Brooklyn Clothier Founded by Holocaust Survivor Makes Masks to Protect People from Coronavirus

masks
Facebook/Martin Greenfield Clothiers

A Brooklyn, New York, clothier founded by Holocaust survivor Martin Greenfield, a man best known for dressing presidents and celebrities, is making masks to protect New Yorkers from the coronavirus.

The well-known and respected company, Martin Greenfield Clothiers, has been tasked with creating suits for former President Bill Clinton, former Vice President Joe Biden, Jimmy Fallon, Al Pacino, and even President Donald Trump.

But its next project is giving back to the community by creating masks to protect its fellow New Yorkers from the coronavirus.

“We’re always looking for solutions, not problems,” Tod Greenfield, the current co-vice president with his sibling of Martin Greenfield Clothiers, told the New York Daily News. “We will figure out a way to go forward and survive. We are a family of survivors.”

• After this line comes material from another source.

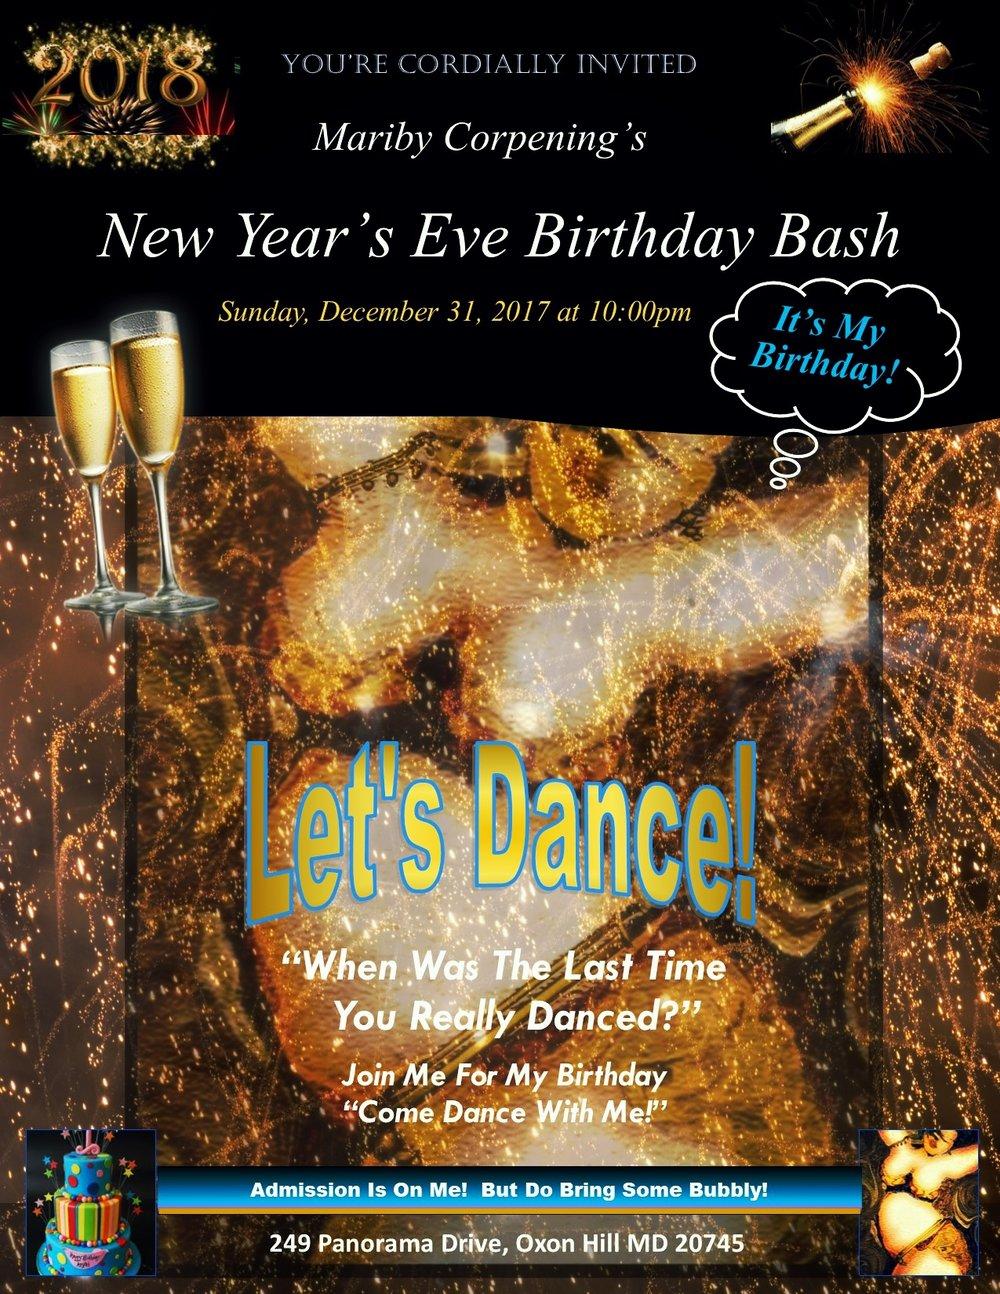 Flyer - Mariby Corpening's New Years Eve Birthday Bash2.jpg

The founder of Martin Greenfield Clothiers, Martin Greenfield, is a Holocaust survivor himself. He survived Auschwitz 76 years ago and learned how to sew from one of the older Jewish inmates inside the Nazi laundry room.

Greenfield survived tyranny from inside that laundry room when he mended the shirt of the SS guard, who beat him for scrubbing the Nazi uniform so hard that it ripped.

Since then, Greenfield was able to come to America as the only Holocaust survivor out of his family and established Martin Greenfield Clothiers in Brooklyn.

The custom suit-maker teamed up with union workers to start producing protective face masks, aiming to give the first batch of masks to local community groups in need.

“We’ve never had the attitude that our business existed simply to profit for our benefit, but to benefit the workers, their families, and the surrounding community,” said Tod Greenfield, 59.

The company is also selling washable, reusable masks on its website, promising to distribute one free mask for each mask sold.

Edgar Romney, secretary-treasurer of the Workers United union, said he approached the Greenfield family about making masks to put his members back to work.

Romney said some of his union members died of coronavirus, and some of the survivors were reluctant to use mass transit during the peak of the pandemic. The first shift of mask-makers was just ten, but they are hoping to get 65 mask-makers employed.

The first completed bundle of masks went to St. Nick’s Alliance, a nonprofit serving low-income Brooklyn residents. Once production ramps up, the business plans to donate their second batch of masks to a neighborhood homeless shelter.

“My dad always instilled in us his desire to give back to the community whichever way we can,” said Tod Greenfield. “This just seemed like something we should be doing.”